The getGeneratedKeys() method retrieves all the primary keys that are generated when you execute an INSERT statement. Fair enough - BUT the issue here is that we'd specifically structured the process and the SQL statements involved so as to be done with INSERT SELECTS, and hence avoid great chunks of data being transferred backwards and forwards between the app and the database.

It turns out that the ActiveRecord JDBC adapter is doing this :
(lib/active_record/connection_adapters/JdbcAdapterInternalService.java)

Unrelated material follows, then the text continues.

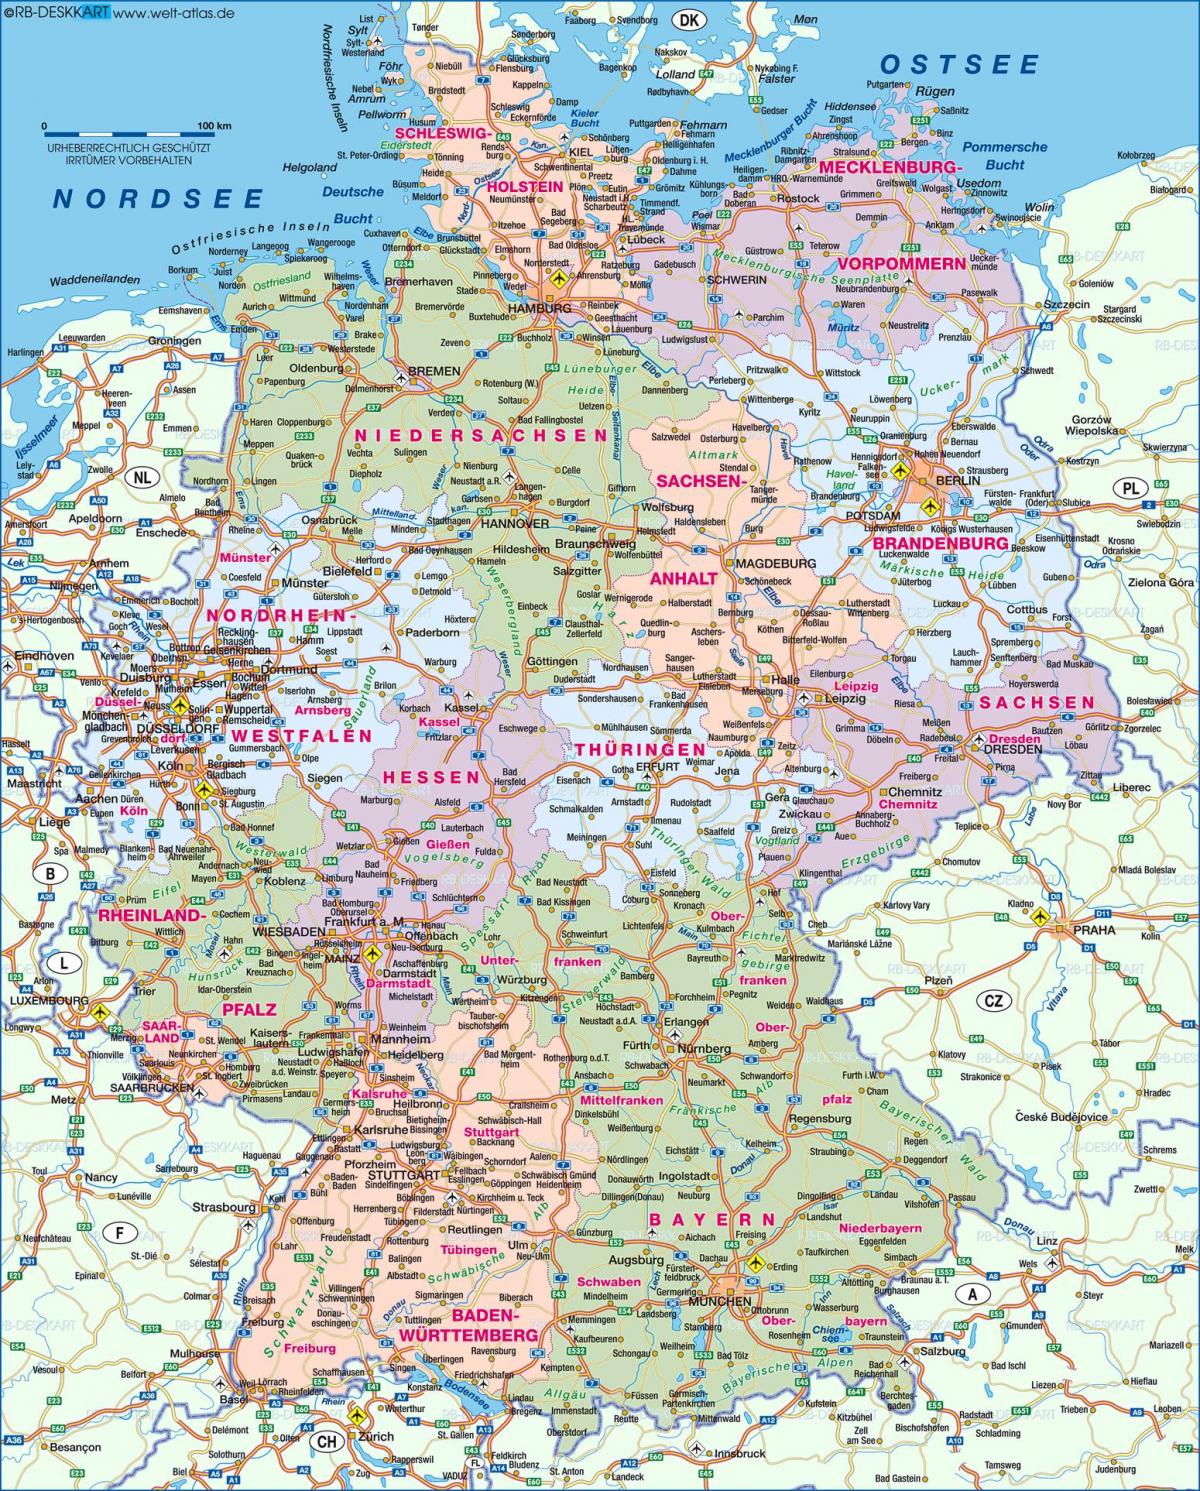 show me a map of Germany

@JRubyMethod(name = "execute_insert", required = 1)
    public static IRubyObject execute_insert(final IRubyObject recv, final IRubyObject sql) throws SQLException {
        return withConnectionAndRetry(recv, new SQLBlock() {
            public IRubyObject call(Connection c) throws SQLException {
                Statement stmt = null;
                try {
                    stmt = c.createStatement();
                    smt.executeUpdate(rubyApi.convertToRubyString(sql).getUnicodeValue(), Statement.RETURN_GENERATED_KEYS);
                    return unmarshal_id_result(recv.getRuntime(), stmt.getGeneratedKeys());
                } finally {
                    if (null != stmt) {
                        try {
                            stmt.close();
                        } catch (Exception e) {
                        }
                    }
                }
            }
        });
    }

...in other words, explicitly telling the driver to return all the generated keys.
Hmm, OK, can we get round this by NOT calling the execute_insert method, and instead calling a raw execute method that doesn't return all the keys?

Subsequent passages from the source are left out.